Much of my research has focused around cinder cone volcanoes - I have studied their storage and eruptive processes, have exploited their mafic magmas to study mantle processes, and worked with a number of Middlebury College students to study their eruptive behavior. As a continuation of my work, my colleague, Dr. Megan Newcombe (University of Maryland) and I have received NSF funding for our proposed work titled, “How variable is magma decompression rate during a single eruption?” This funded project will allow us to explore the connections between ascent rate and explosivity of mafic arc magmas through a case study of the eruption of Cinder Cone. At present, WWU undergraduate students Amanda Florea and Shae Fairchild are both focusing their independent research projects on determining magmatic ascent process and rates through bubble size distribution analyses.
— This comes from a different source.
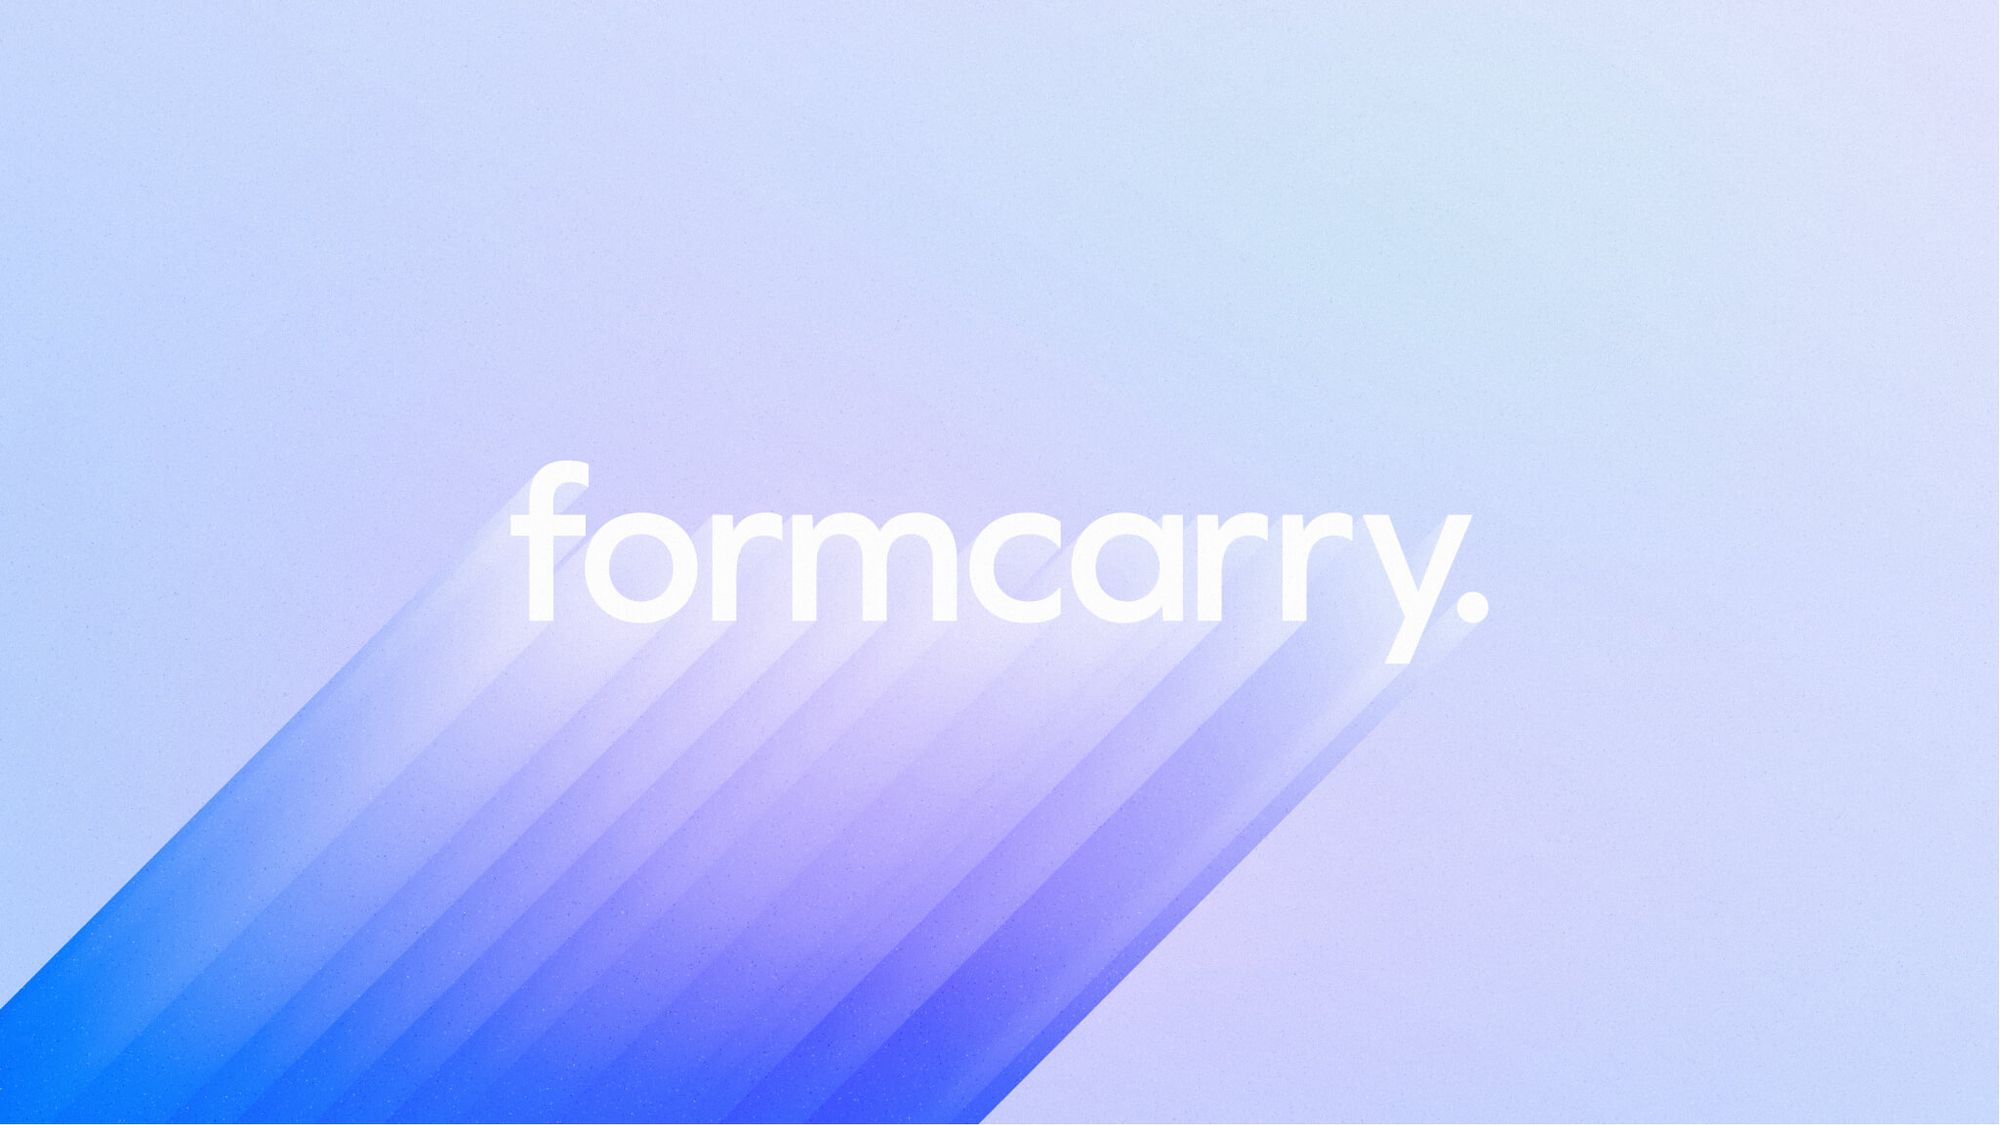 Formcarry Blog

Mafic magma storage and evolution
Much of my research with Middlebury College geology students focused on cinder cone magmatism in the southern Cascades – specifically, utilizing the major and trace element composition of olivine and pyroxene to determine pre-eruptive storage, evolution, and ascent timescales.
The combined thesis research of Sophie Leiter, who utilzied petrography, bulk geochemistry, and geobarometric techniques, and Andrew Hollyday, who collected core-rim trace element data (SEM and LA-ICP-MS) and performed trace element diffusion modeling, was recently published in the journal Contributions to Mineralogy and Petrology. Their work was combined to infer the magmatic evolution and storage depths of CPX-bearing cinder cone magmas, estimate ascent rates, and interrogate the potential for TE diffusion modelling in CPX.
Volatile recycling in the Cascade Arc
In subduction zones, the mantle is thought to be fluxed by fluids and/or melts derived from the downgoing plate, which lower the mantle solidus, producing melts that rise through the continental crust and form arc volcanoes. However, beneath the Cascade Arc subducts some of the youngest, and consequently warmest oceanic crust globally, raising questions about the role of slab dehydration and melting and melt production in the mantle wedge. To address this, I have focused much of my work on utilizing the compositions of olivine-hosted melt inclusions from primitive basalts in the Lassen Region (southermost active segment) of the Cascade Arc. By measuring the volatile (H2O, CO2, Cl, S, and F), major element, trace element, and stable isotopes (δD, δ11B, and δ18O) compositions of these melt inclusions, we hope to better understand the processes that govern how magma forms beneath the Cascades.